Related papers: PP-PicoDet: A Better Real-Time Object Detector on Mobile Devices

PP-PicoDet: A Better Real-Time Object Detector on Mobile Devices

URL: http://arxiv.org/abs/2111.00902v1
Date: Mon, 1 Nov 2021 12:53:17 GMT
Title: PP-PicoDet: A Better Real-Time Object Detector on Mobile Devices
Authors: Guanghua Yu, Qinyao Chang, Wenyu Lv, Chang Xu, Cheng Cui, Wei Ji, Qingqing Dang, Kaipeng Deng, Guanzhong Wang, Yuning Du, Baohua Lai, Qiwen Liu, Xiaoguang Hu, Dianhai Yu, Yanjun Ma
Abstract summary: PP-PicoDet family of real-time object detectors achieves superior performance on object detection for mobile devices.
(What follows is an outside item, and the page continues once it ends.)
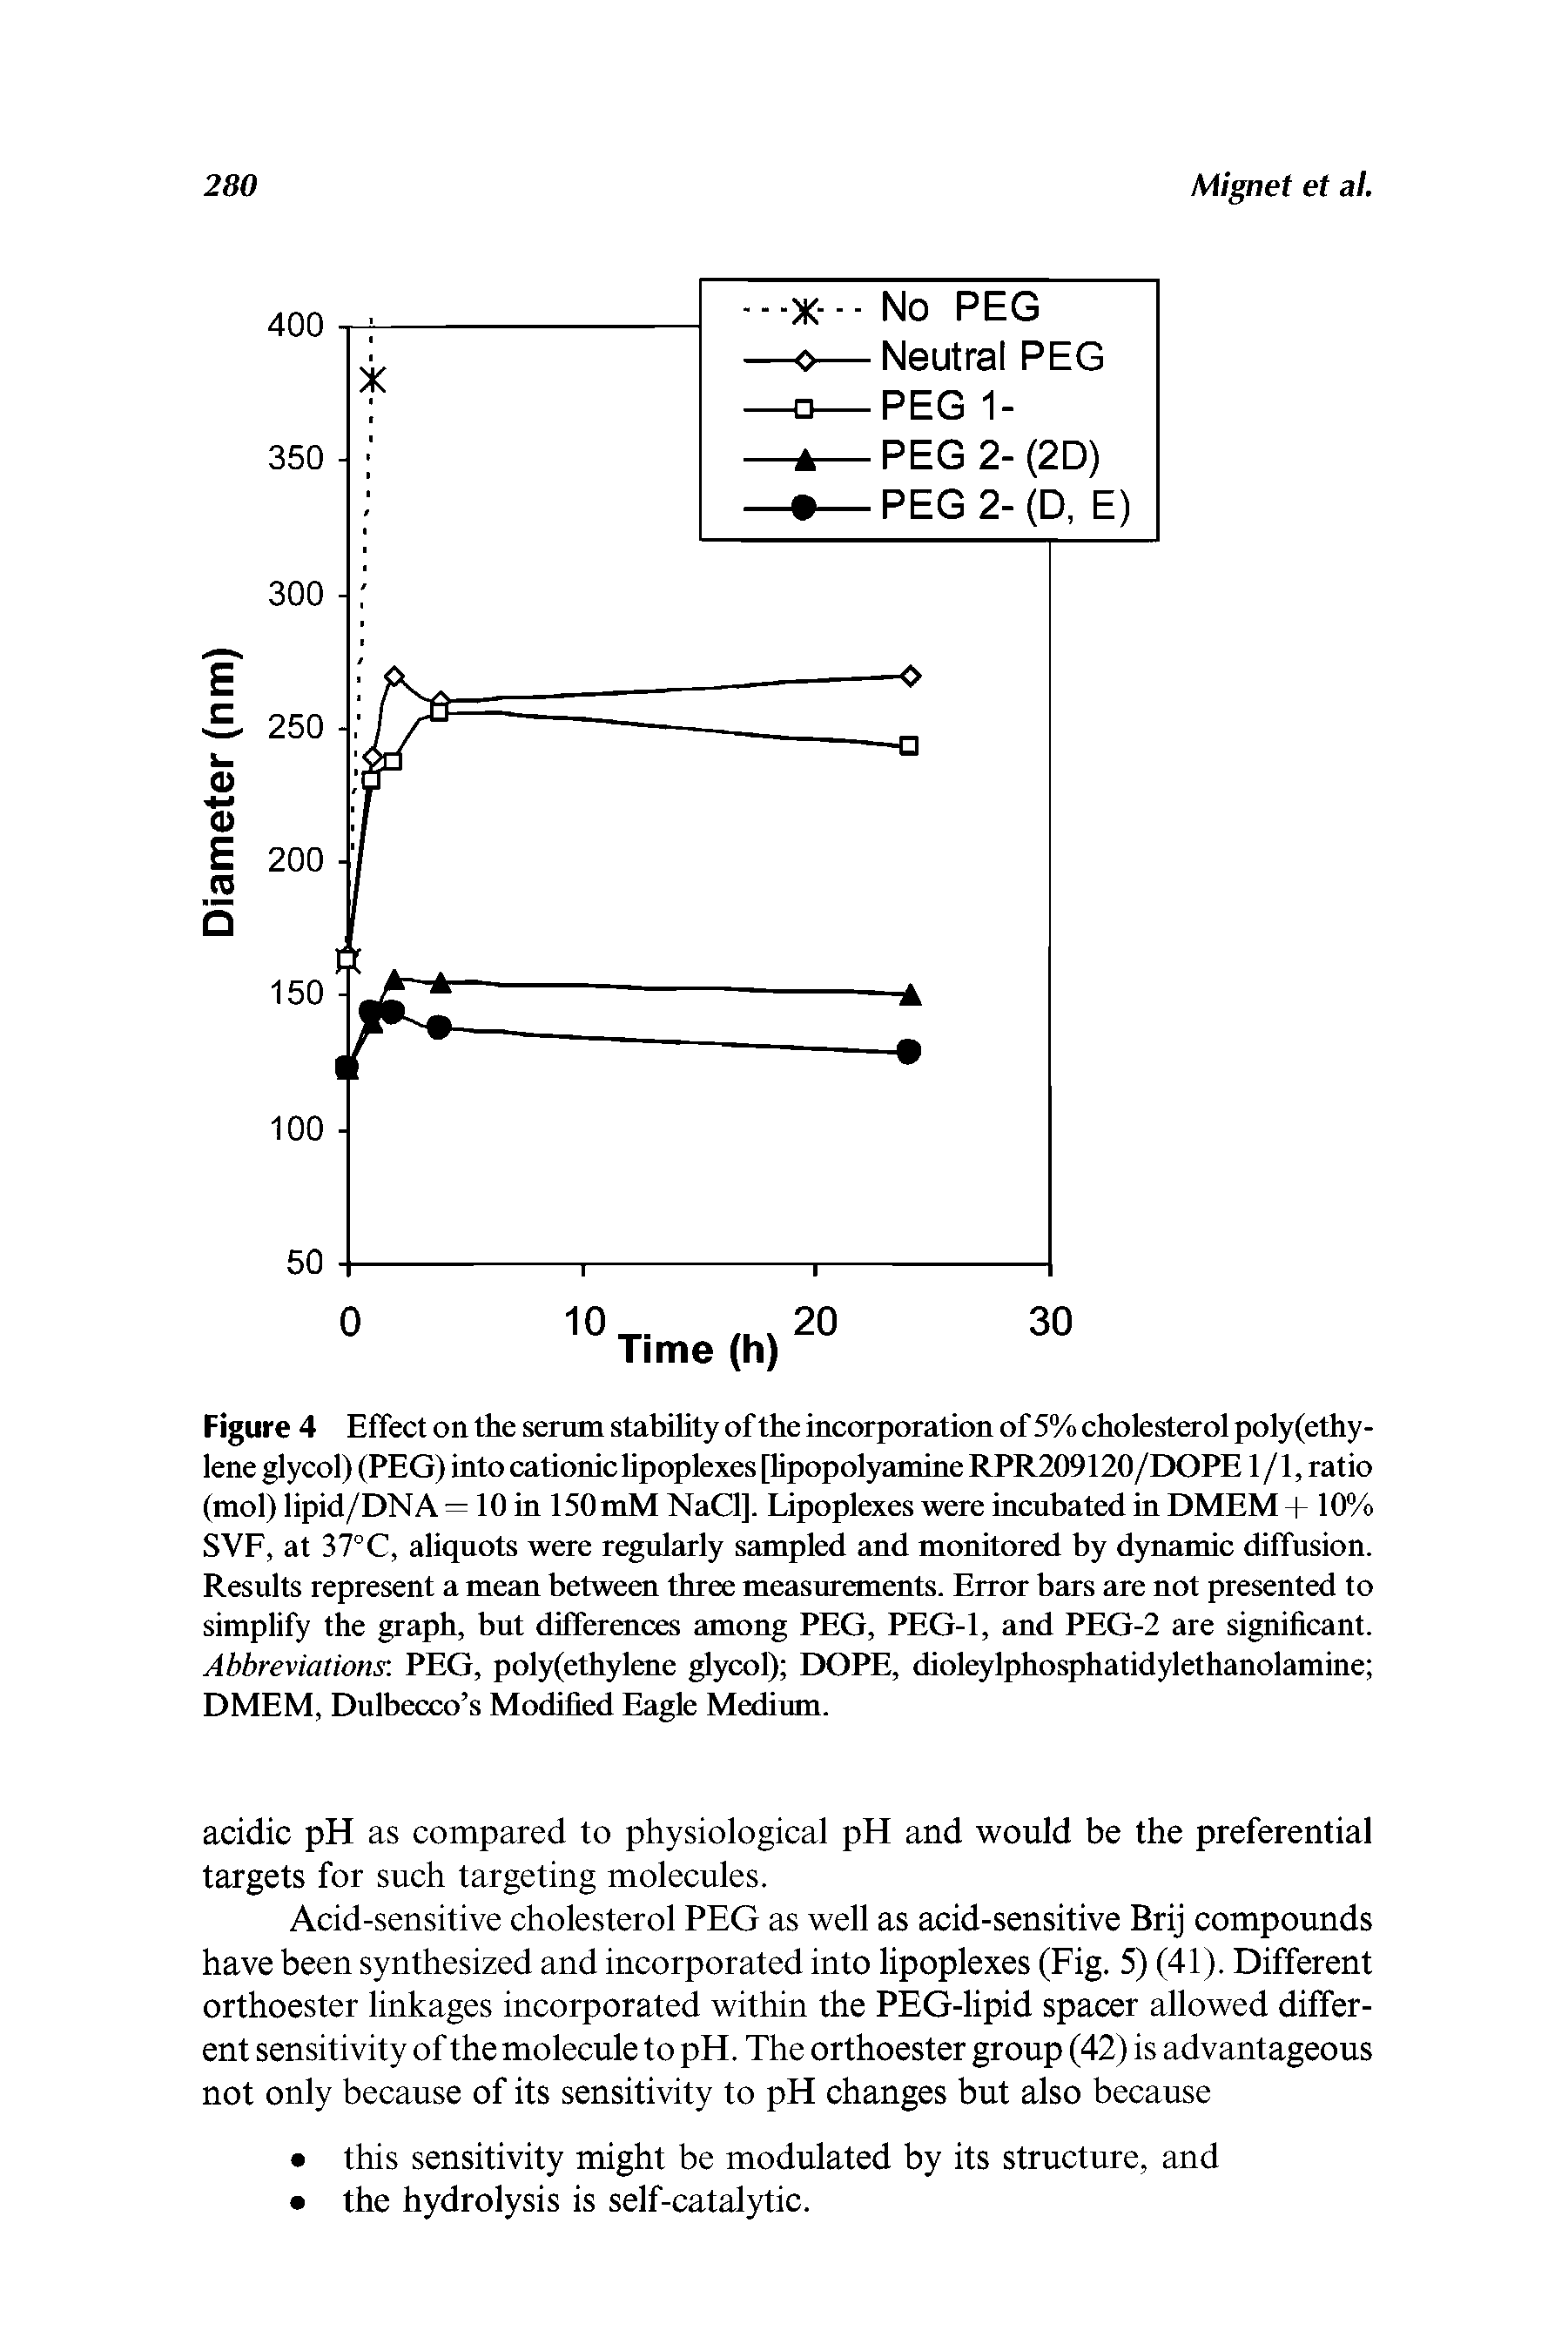 Figure 4 Effect on the serum stability of the incorporation of 5% cholesterol poly(ethy-lene glycol) (PEG) into cationic lipoplexes [hpopolyamine RPR209120/DOPE1/1, ratio (mol) lipid/DNA = 10 in 150 mM NaCl]. Lipoplexes were incubated in DMEM + 10% SVF, at 37°C, aliquots were regularly sampled and monitored by dynamic diffusion. Results represent a mean between three measurements. Error bars are not presented to simplify the graph, but differences among PEG, PEG-1, and PEG-2 are significant. Abbreviations PEG, poly(ethylene glycol) DOPE, dioleylphosphatidylethanolamine DMEM, Dulbecco s Modified Eagle Medium.

Models achieve better trade-offs between accuracy and latency compared to other popular models.
Score: 13.62426382827205
License: http://arxiv.org/licenses/nonexclusive-distrib/1.0/
Abstract: The better accuracy and efficiency trade-off has been a challenging problem in object detection. In this work, we are dedicated to studying key optimizations and neural network architecture choices for object detection to improve accuracy and efficiency. We investigate the applicability of the anchor-free strategy on lightweight object detection models. We enhance the backbone structure and design the lightweight structure of the neck, which improves the feature extraction ability of the network. We improve label assignment strategy and loss function to make training more stable and efficient. Through these optimizations, we create a new family of real-time object detectors, named PP-PicoDet, which achieves superior performance on object detection for mobile devices. Our models achieve better trade-offs between accuracy and latency compared to other popular models. PicoDet-S with only 0.99M parameters achieves 30.6% mAP, which is an absolute 4.8% improvement in mAP while reducing mobile CPU inference latency by 55% compared to YOLOX-Nano, and is an absolute 7.1% improvement in mAP compared to NanoDet. It reaches 123 FPS (150 FPS using Paddle Lite) on mobile ARM CPU when the input size is 320. PicoDet-L with only 3.3M parameters achieves 40.9% mAP, which is an absolute 3.7% improvement in mAP and 44% faster than YOLOv5s. As shown in Figure 1, our models far outperform the state-of-the-art results for lightweight object detection. Code and pre-trained models are available at https://github.com/PaddlePaddle/PaddleDetection.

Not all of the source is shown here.